→ BRIEF: Each line between the one holding "Villa De Estilo" and the end of the material below, both included, is to be transcribed word for word, with pictures left out.

→ INFORMATION SUPPLIED:

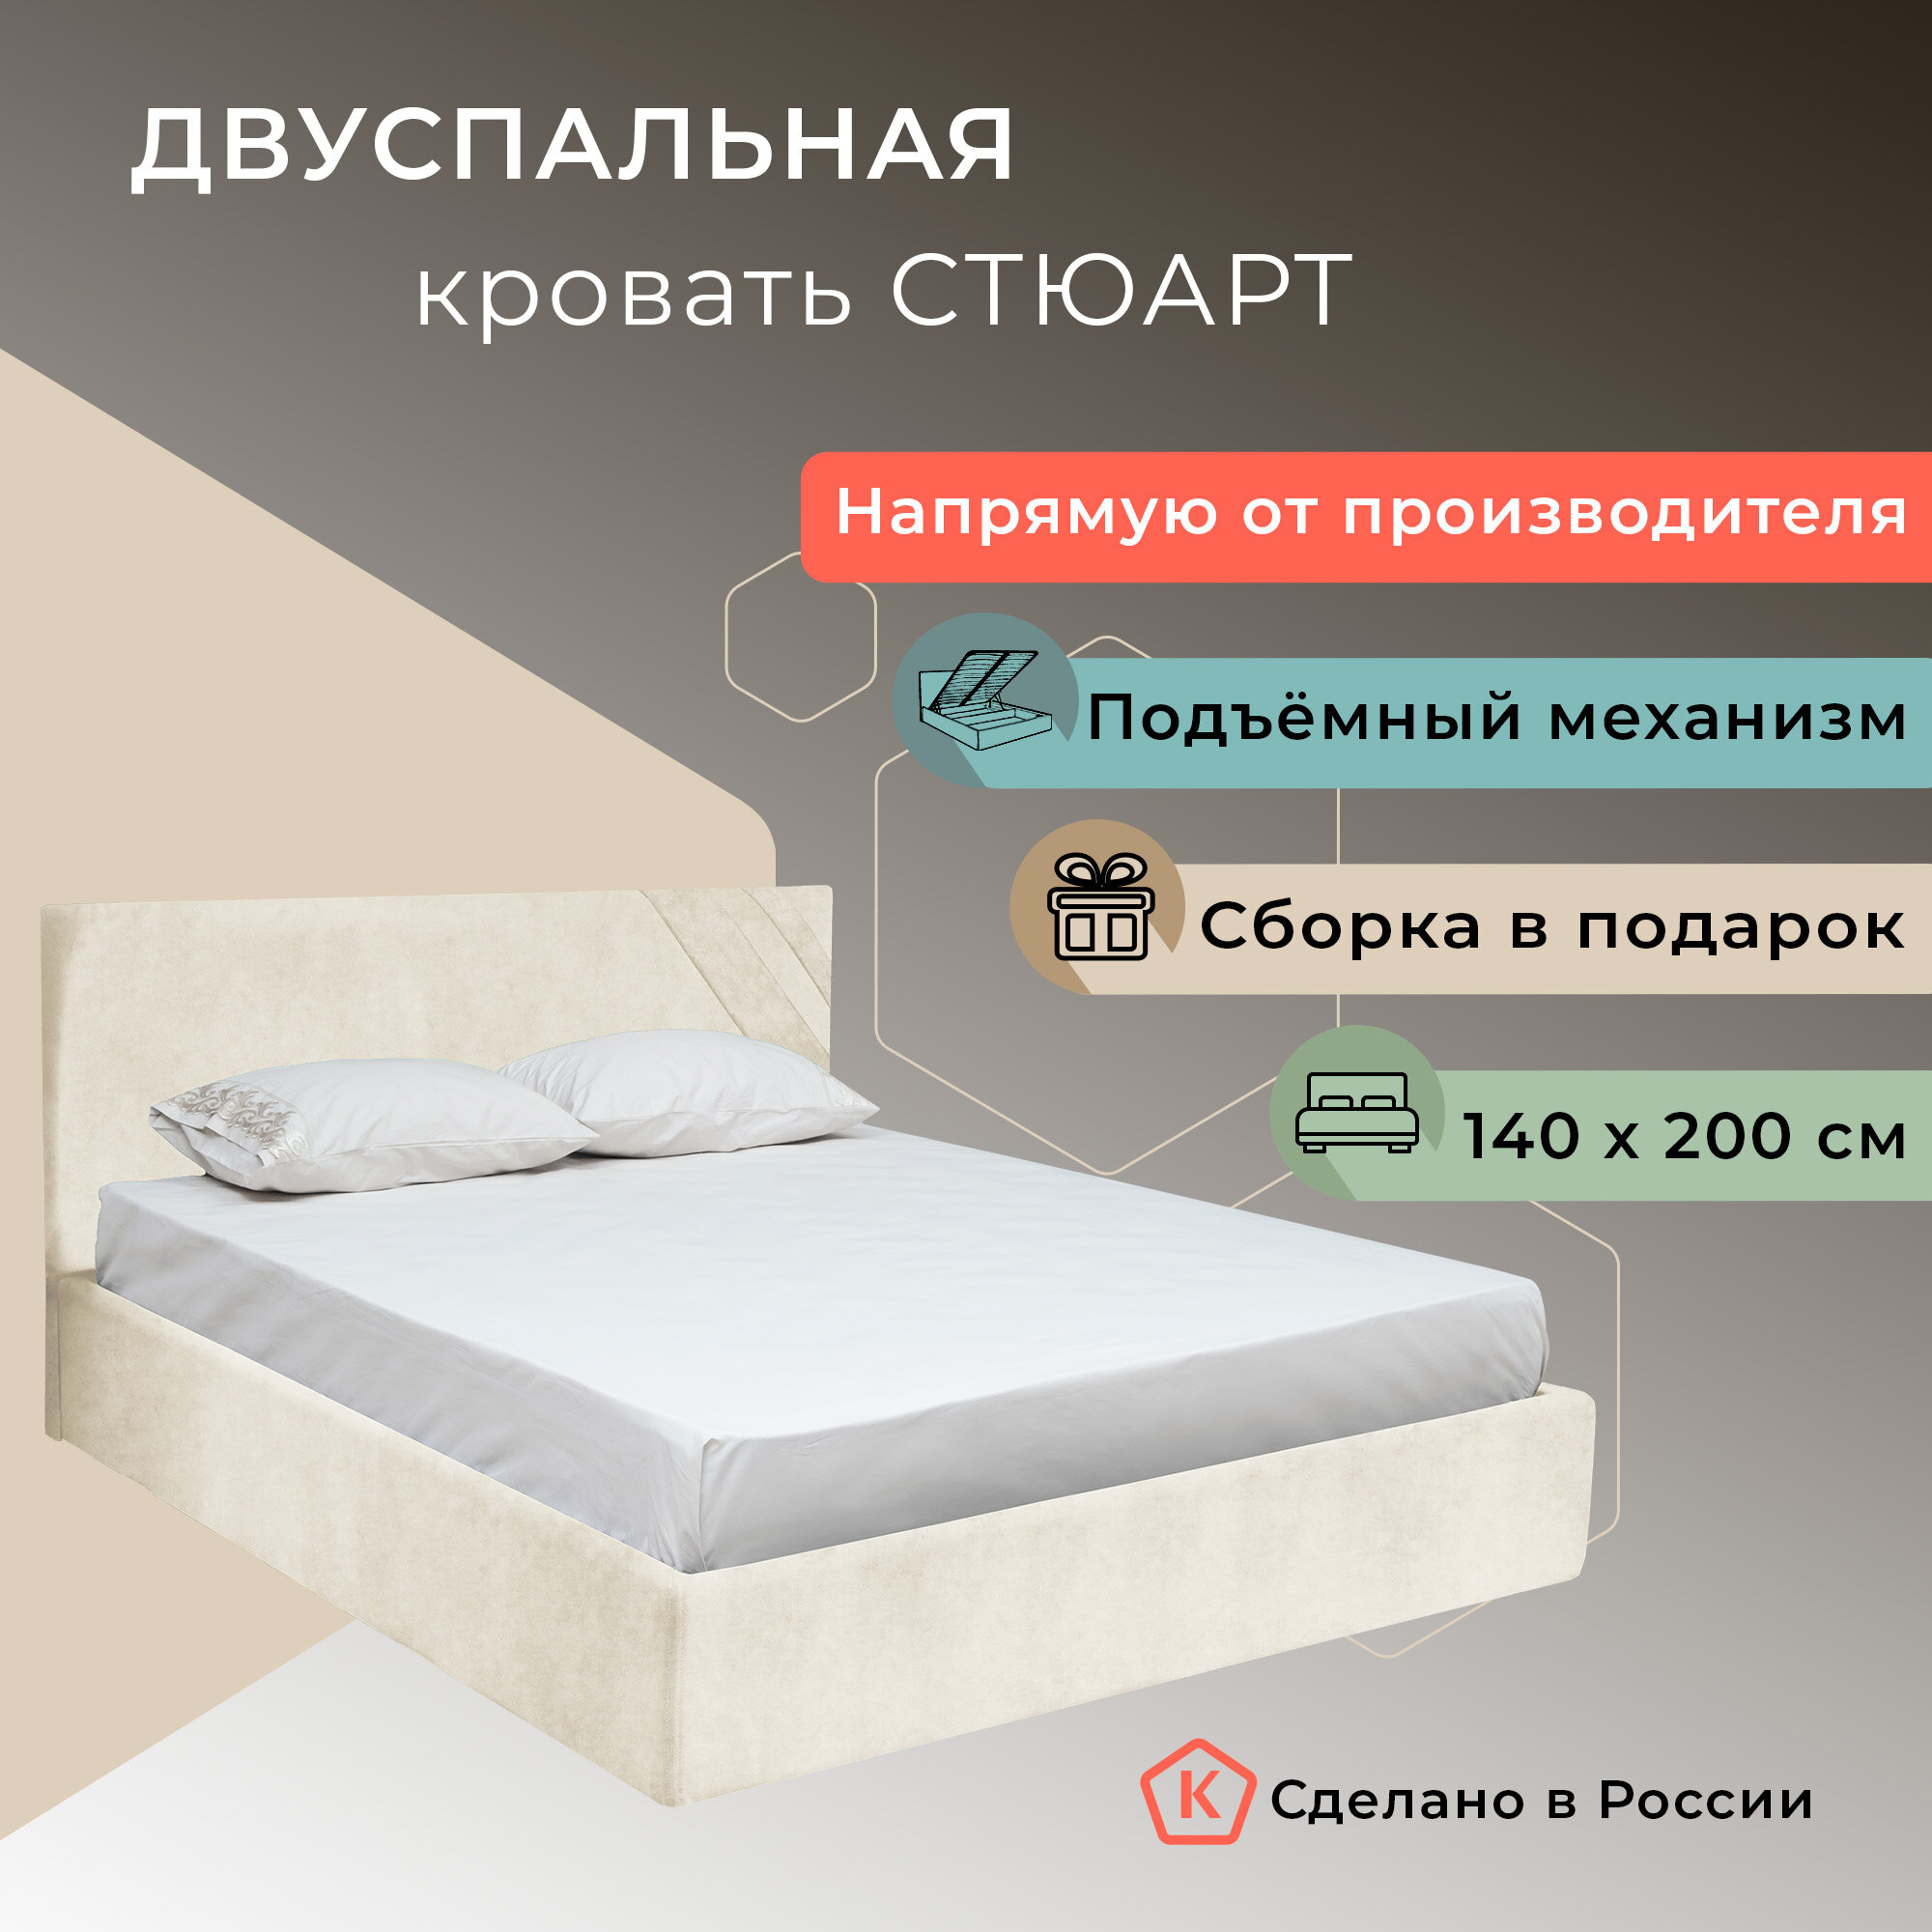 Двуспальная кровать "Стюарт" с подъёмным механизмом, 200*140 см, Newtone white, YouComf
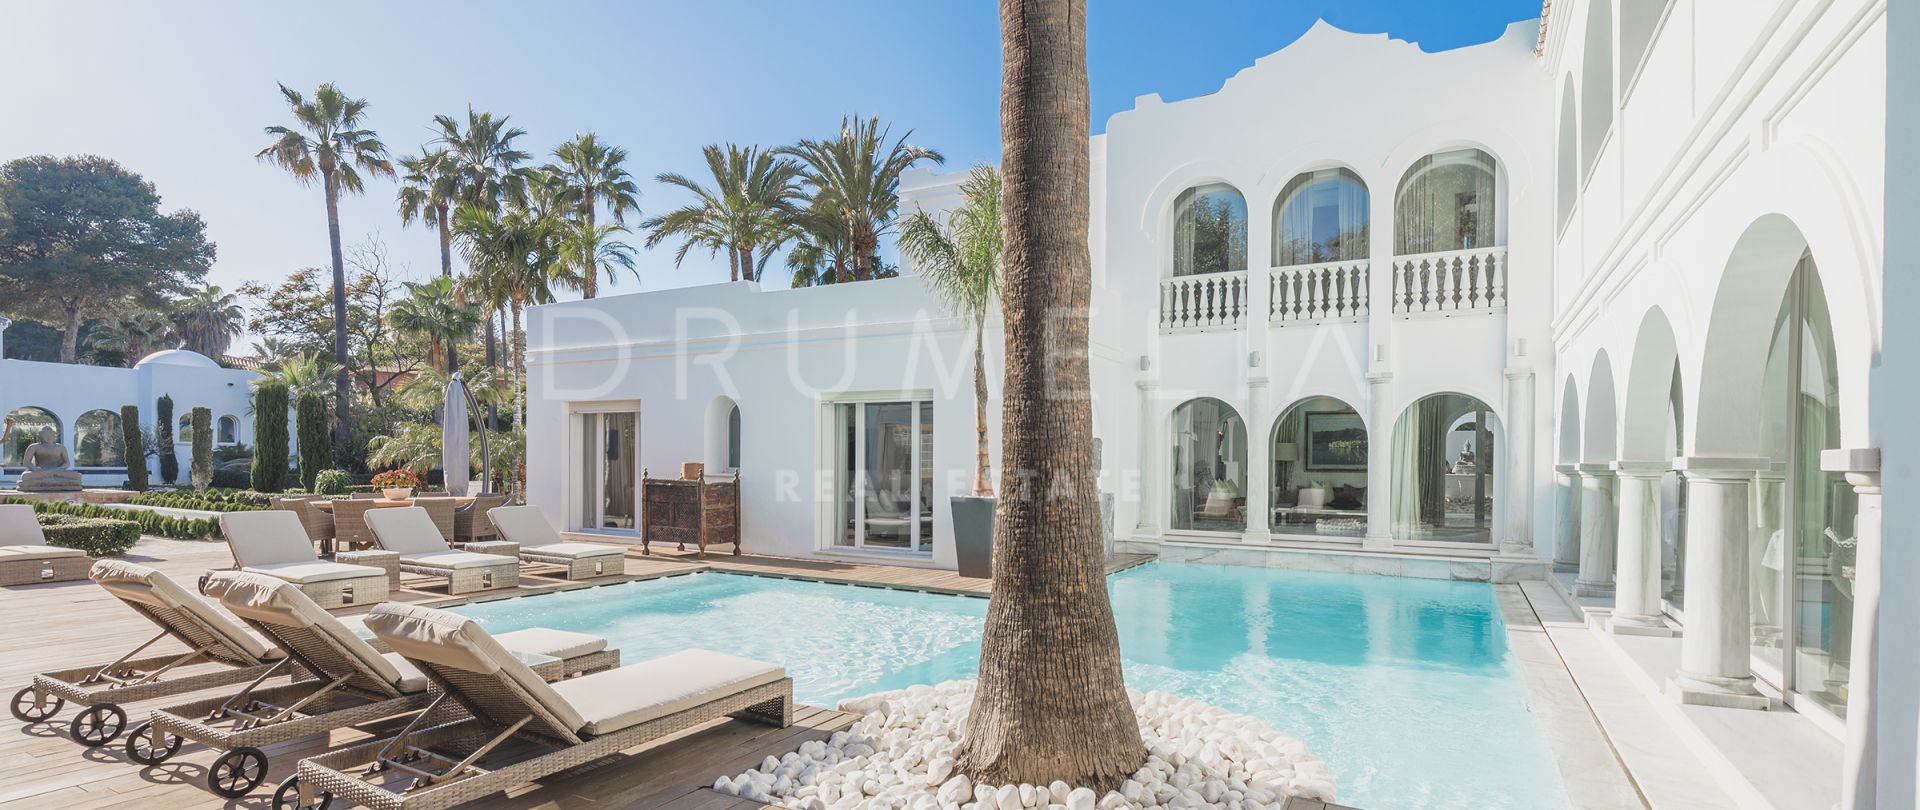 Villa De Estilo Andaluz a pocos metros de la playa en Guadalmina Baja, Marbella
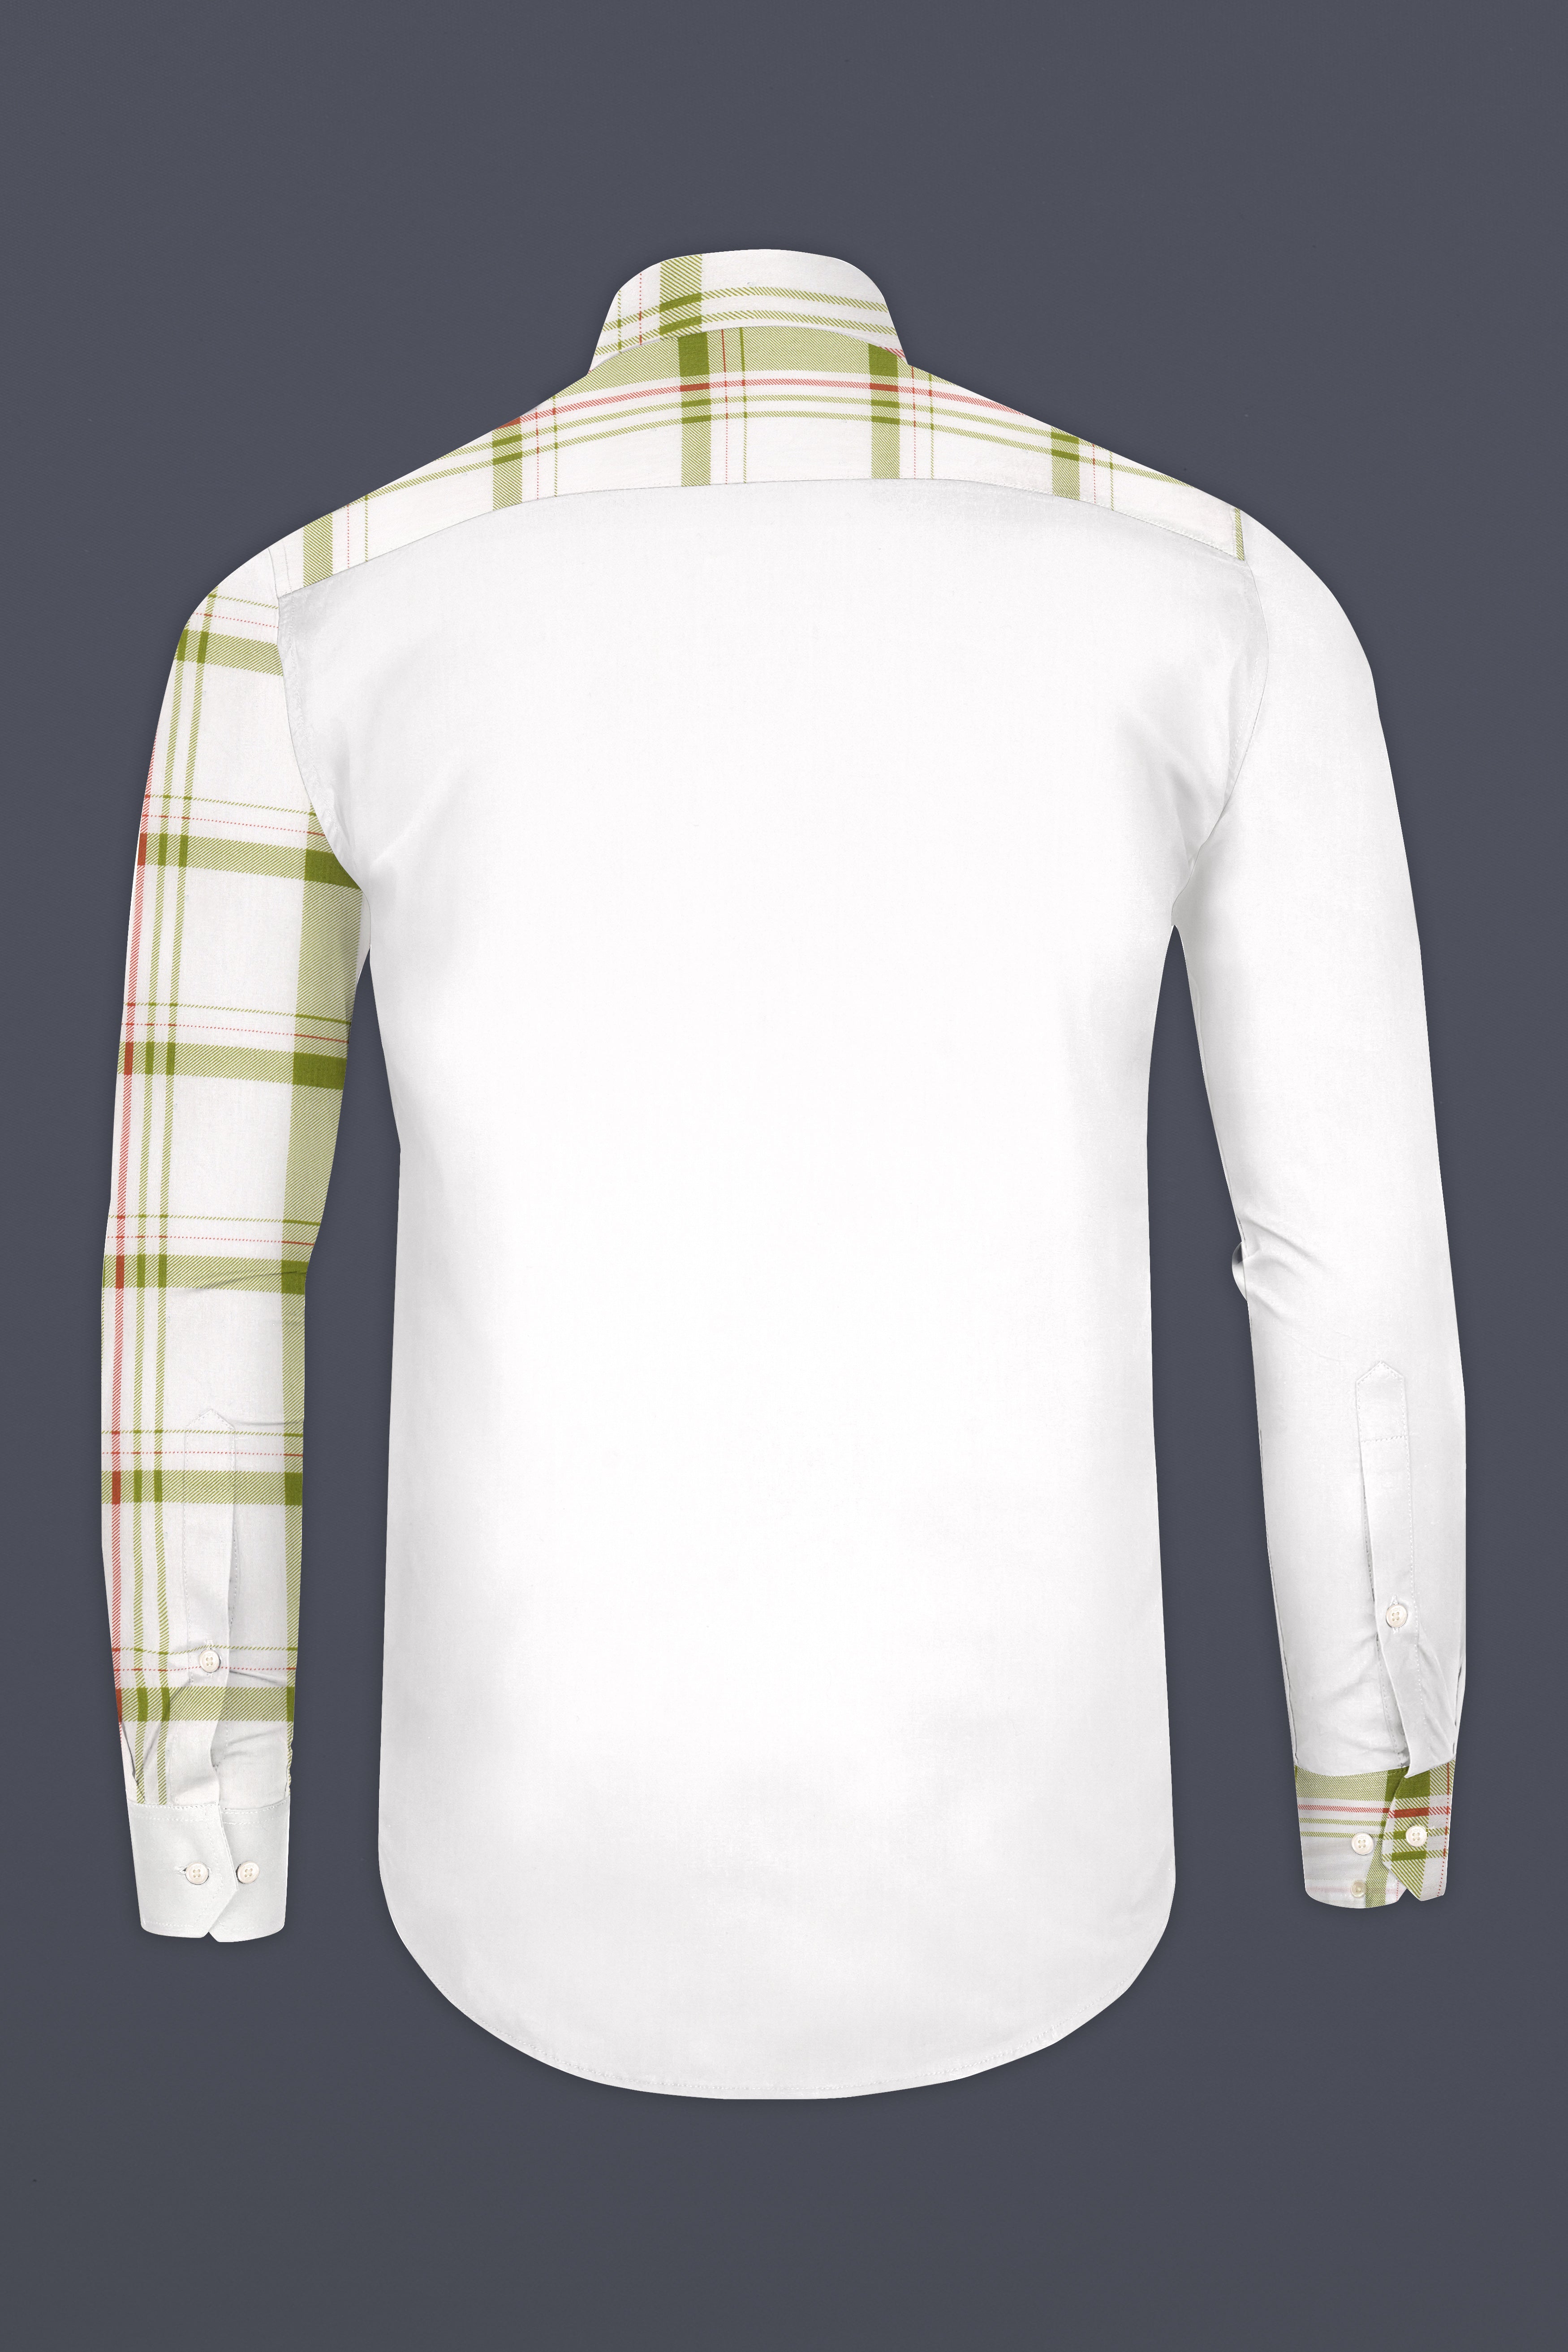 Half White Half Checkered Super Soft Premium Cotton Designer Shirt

→ ANSWER FOR THE TASK:
 Villa De Estilo Andaluz a pocos metros de la playa en Guadalmina Baja, Marbella
 Half White Half Checkered Super Soft Premium Cotton Designer Shirt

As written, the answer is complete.